President Donald Trump with Fox News' Laura Ingraham at the 2019 Student Action Summit hosted by Turning Point USA in Palm Beach, Florida on December 21, 2019 (Gage Skidmore/Flickr)
When President Donald Trump held a military/birthday parade in Washington, DC on Saturday, June 14 and over 2000 No Kings Day protests were held in opposition to it — including one in Philadelphia that, according to estimates, attracted 80,000 people — it wasn't hard to find right-wing media pundits who equated opposition to Trump and the parade with hating the United States.
Countless No Kings protesters, however, made it clear that their demonstrations, marches and rallies weren't anti-military or anti-U.S. — they were fine with honoring the military but viewed Trump's event as a crude exercise in self-promotion.
In a post on his Truth Social platform the following day, Trump posted, "These Radical Left Democrats are sick of mind, hate our Country, and actually want to destroy our Inner Cities — And they are doing a good job of it!
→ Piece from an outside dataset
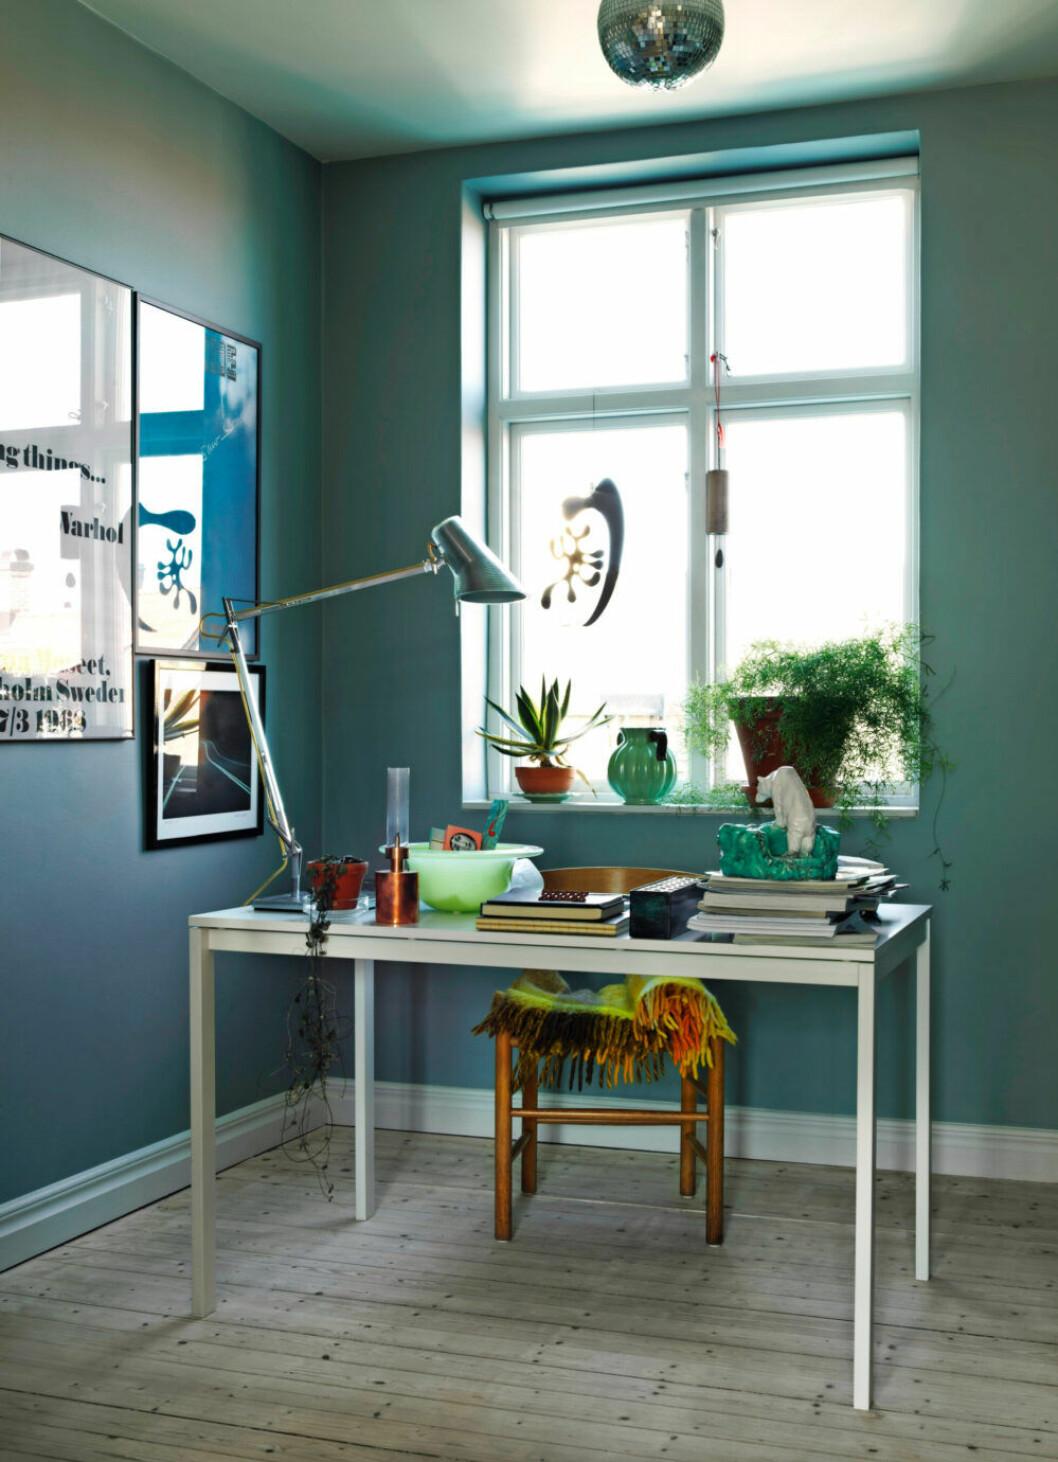 Arbetsplatsen går i grönblåa toner hemma hos Sofia Linfeldt i Skåne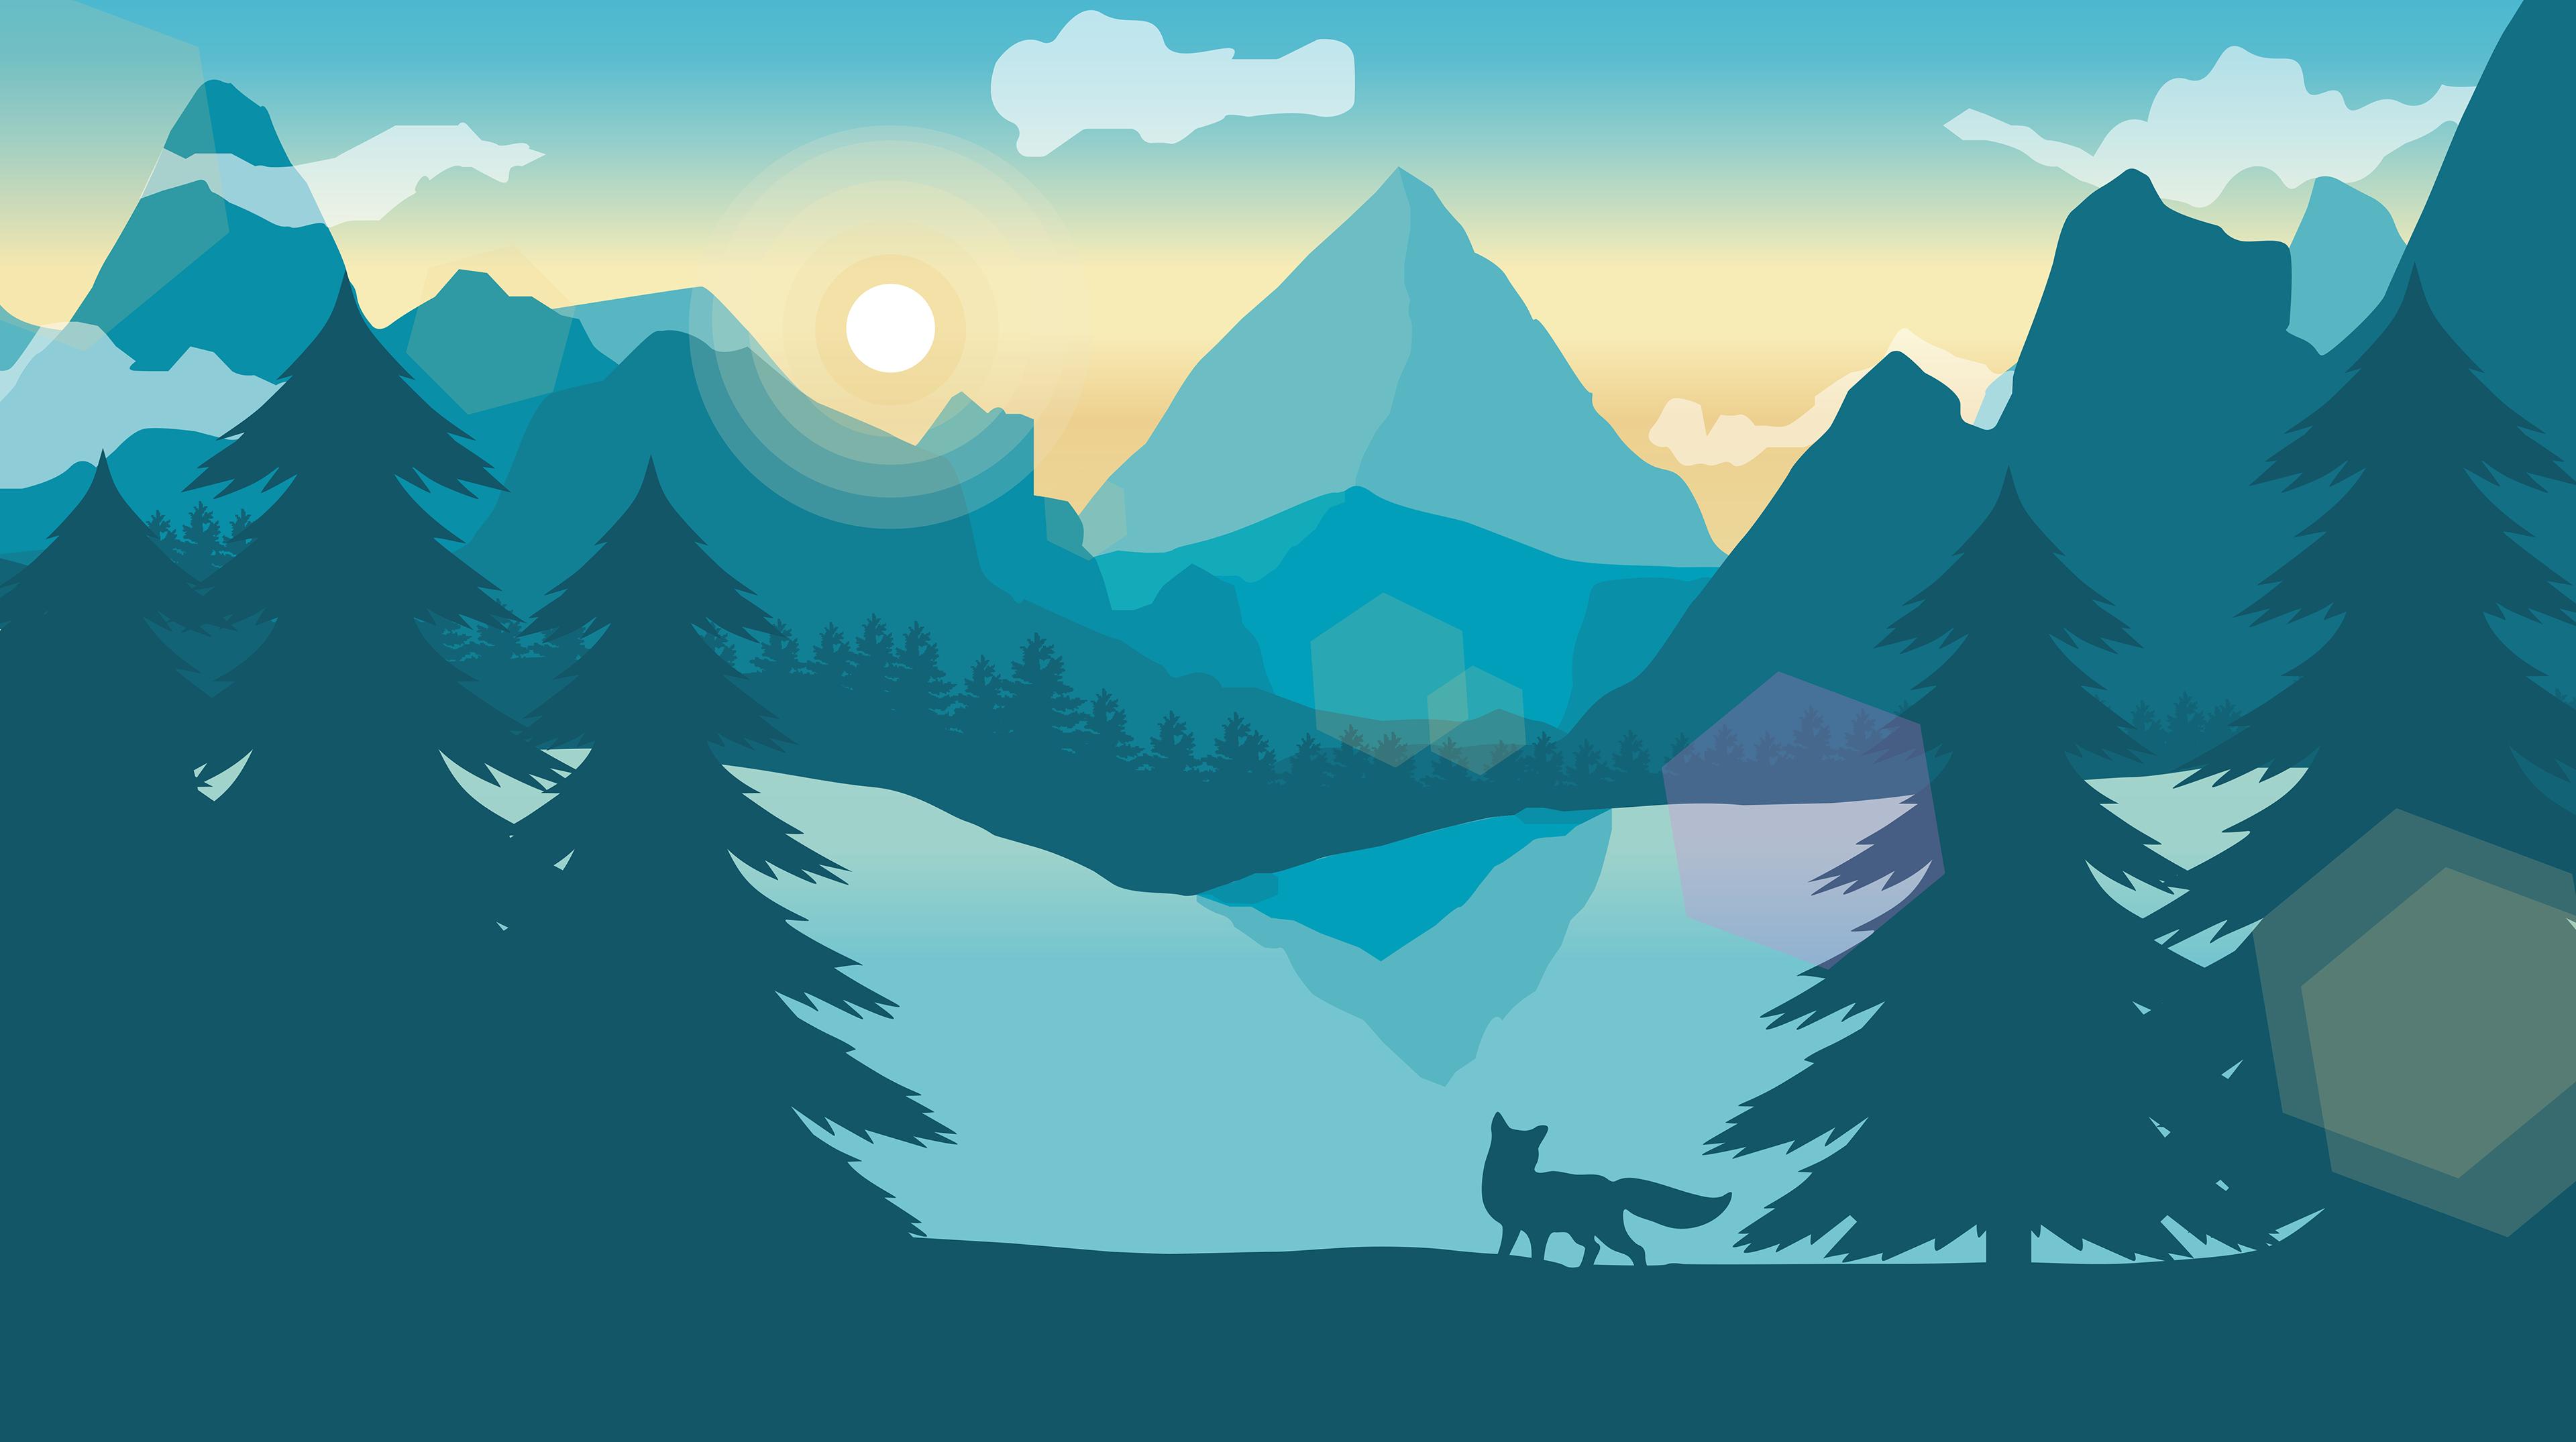 Landscape Illustration Vector Free: Flat Landscape Digital Illustration

There is something wrong with them. That is why they believe in Open Borders, Transgender for Everybody, and Men playing in Women’s Sports — And that is why I want ICE, Border Patrol, and our Great and Patriotic Law Enforcement Officers, to FOCUS on our crime ridden and deadly Inner Cities, and those places where Sanctuary Cities play such a big role. You don't hear about Sanctuary Cities in our Heartland!"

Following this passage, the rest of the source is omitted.